Download Latest Version PATHWAY-PDT.tar.gz (10.5 MB)
Email in envelope

Get an email when there's a new version of Pathway-PDT

Home / rel_1
Name Modified Size InfoDownloads / Week
Parent folder
Pathway-PDT.08-06-2013.tar.gz 2013-08-06 5.5 MB
03-14-13-README 2013-03-15 9.8 kB
Totals: 2 Items   5.5 MB 0
Licensing
Copyright © 2011-13 University of Miami Miller School of Medicine

Pathway-PDT is free software: you can redistribute it and/or modify it 
under the terms of the GNU General Public License version 2 as 
published by the Free Software Foundation; either version 2 of the
License, or (at your option) any later version.

Pathway-PDT is distributed in the hope that it will be useful, but 
WITHOUT ANY WARRANTY; without even the implied warranty of 
MERCHANTABILITY or FITNESS FOR A PARTICULAR PURPOSE. 
See http://www.gnu.org/licenses/gpl-2.0.html for more details.

You should have received a copy of the GNU General Public License
along with this program; if not, write to the Free Software
Foundation, Inc., 51 Franklin Street, Fifth Floor, Boston, MA  02110-1301, USA.

Citing
Pathway-PDT recommends two citations: one for software and one for the 
algorithm implemented in software.

Pathway-PDT Software
Park et al.
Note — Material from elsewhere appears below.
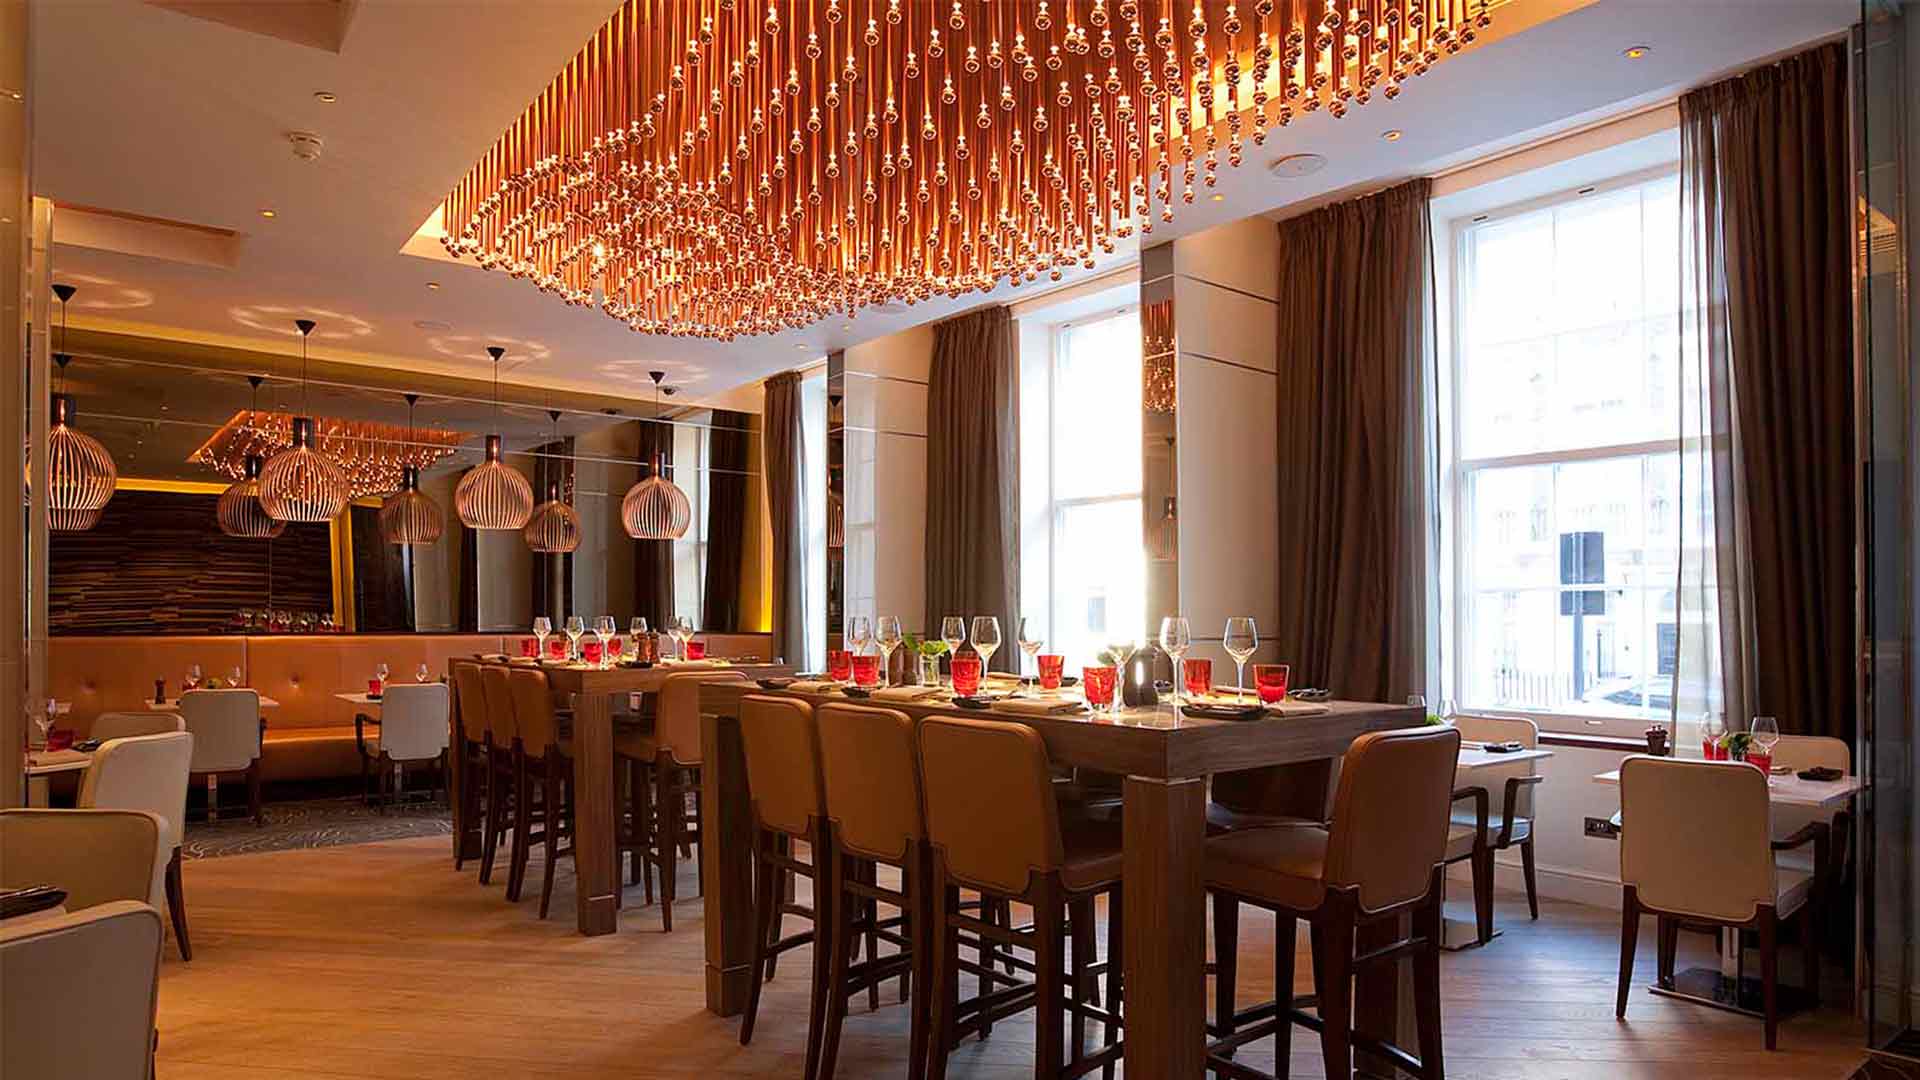 Centrepiece Lighting Chandelier Bespoke Copper Rods Restaurant Nulty

Pathway-PDT [Source code on Internet]. Version X. 
Miami (FL): University of Miami Miller School of Medicine; 
DD MMM YYYY version release date [cited DD MMM YYYY download date]. 
Available from: http://sourceforge.net/projects/pathway-pdt

Pathway-PDT Algorithm
Park YS, Schmidt M, Martin ER, Pericak-Vance MA, and Chung RH.
Pathway-PDT: A Flexible Pathway Analysis Tool for Nuclear Families. 
(Submitted).

(Optional) S-index for Gene Correction
Gao X, Starmer J, Martin ER (2008). A Multiple Testing Correction
Method for Genetic Association Studies Using Correlated Single
Nucleotide Polymorphisms. Genetic Epidemiology. 32(4): 361 - 369.

=====================================================================

Input Files

1. A pedigree and a map file. 

There are 3 distinct input format options.

a. The standard .ped and .map files
The leading 6 columns are
<ped ID> <indiv. ID> <father> <mother> <sex> 
<affection status,0 = unkown, 1= inaff, 2= aff>

Pedigrees are expected to be consecutive. 
Pedigree and individual ID numbers are integers. 

The alleles are coded as 0 for missing data, while valid alleles are 
1 and 2. The map file has 3 leading columns which are chromosome, 
rs-number (or any other identifier string) and base pair. Additional 
columns are ignored. The columns are separated by one or more spaces. 
The <tab> character is not an acceptable column separator. 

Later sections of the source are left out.